KOSDAQ Recovers to 1000-Level After 20 Years
Retail Investor Funds Expected to Reach 130 Trillion Won This Year

Stock and Bond Markets Heated Up by Surging Funds View original image

[Asia Economy Reporters Song Hwajeong and Lee Minji] The KOSDAQ has recovered to the 1000 level for the first time in 20 years. The KOSPI also surpassed the 3200 mark for the first time based on closing prices, continuing the stock market's unstoppable upward momentum. Although concerns have arisen due to the steep rise, continuous inflows of funds through individual investors are pushing the market higher. Not only the stock market but also the bond market is seeing a significant increase in demand as money flows into the market.


According to the Korea Exchange on the 26th, individual investors have net purchased 15.6211 trillion KRW in the domestic stock market so far this year. They bought 13.4465 trillion KRW in the KOSPI and 2.1602 trillion KRW in the KOSDAQ, driving the KOSPI to the 3200 level and the KOSDAQ to the 1000 level. During the same period, foreigners net purchased only 335 billion KRW, while institutions sold off 15.7506 trillion KRW. The strong market was led by individual investors absorbing the selling pressure from institutions.


Investor deposits, which are funds waiting to be invested in the stock market, have also surged sharply this year. Investor deposits increased from 65.5227 trillion KRW at the end of last year to a record high of 74.4559 trillion KRW as of the 12th of this month.

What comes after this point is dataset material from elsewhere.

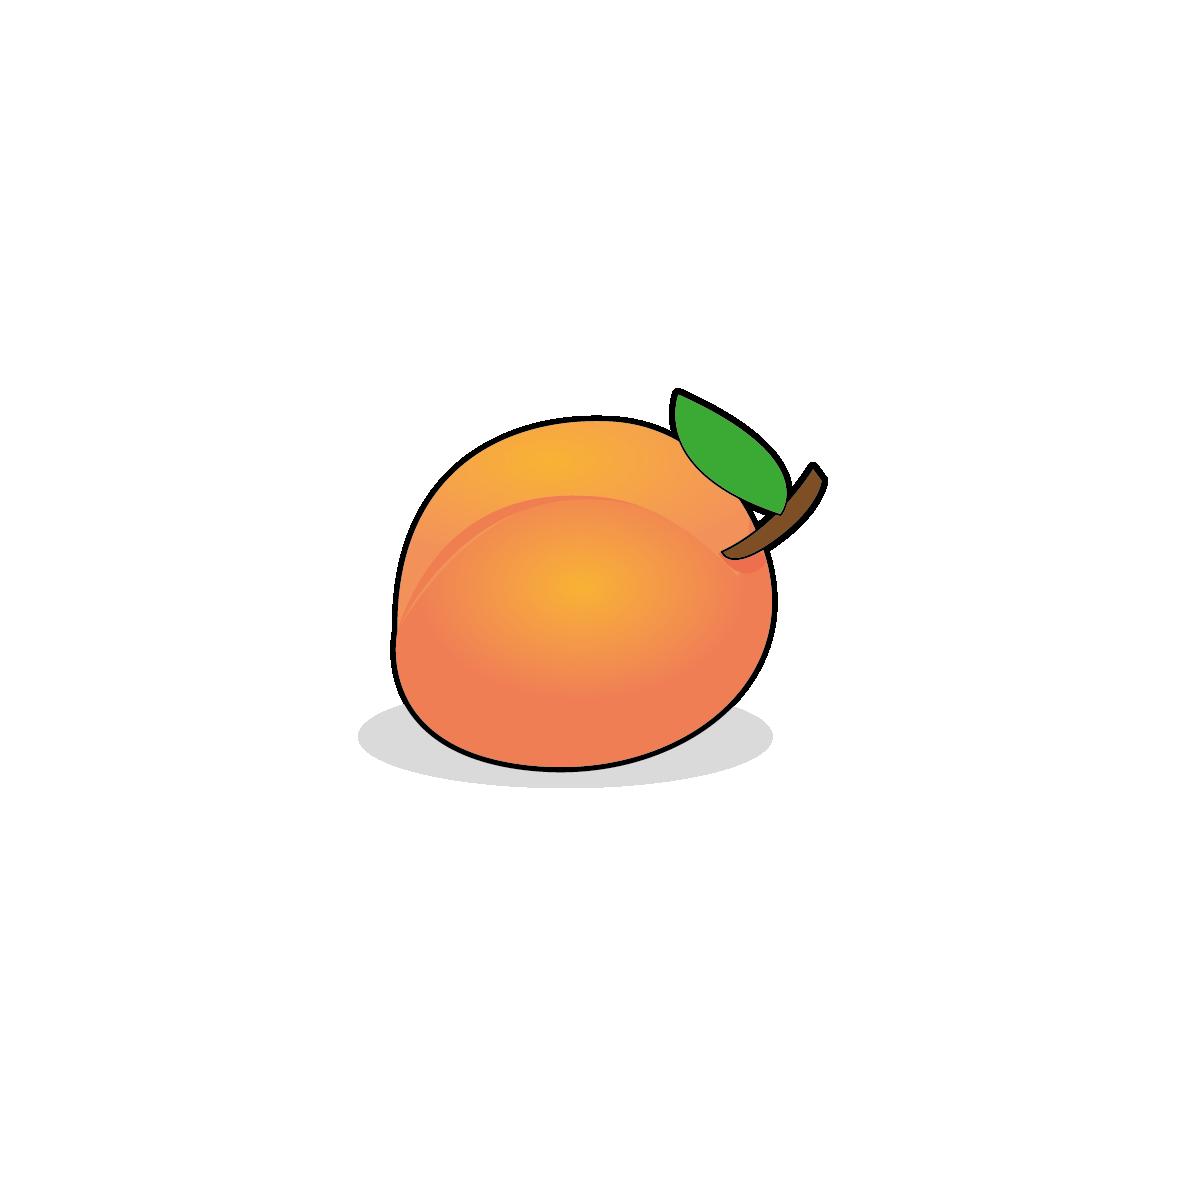 Icone d'un abricot, ailmacocotte.com

Stock and Bond Markets Heated Up by Surging Funds View original image

There is a forecast that individual investors' waiting funds for the stock market could increase to 130 trillion KRW this year. Kim Dami, a researcher at Shinhan Financial Investment, said, "The abundant liquidity environment and individual waiting funds are expected to firmly support the stock market," adding, "Assuming the growth rate of individual liquidity (M2) is at the average level of interest rate cuts and the ratio of waiting funds to liquidity remains at the current level (7%), the stock market waiting funds could expand to the 130 trillion KRW range by the end of this year."

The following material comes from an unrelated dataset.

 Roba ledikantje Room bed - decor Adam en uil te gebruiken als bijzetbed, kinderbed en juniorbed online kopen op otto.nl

Considering the situation from 2007 to 2009, when the KOSPI surpassed the 2000 level for the first time in history, individual purchasing power could exceed 200 trillion KRW. Kim Younghwan, a researcher at NH Investment & Securities, said, "During 2007 to 2009, when the KOSPI first crossed 2000 and the public fund craze was underway, the inflow of individual funds into the stock market was very strong," adding, "In 2007, Korean households used 80% of their net savings to buy stocks, and if the same applies this year, individual net purchases could increase to 157 trillion KRW, and if household savings rates rise, it could increase to 204 trillion KRW."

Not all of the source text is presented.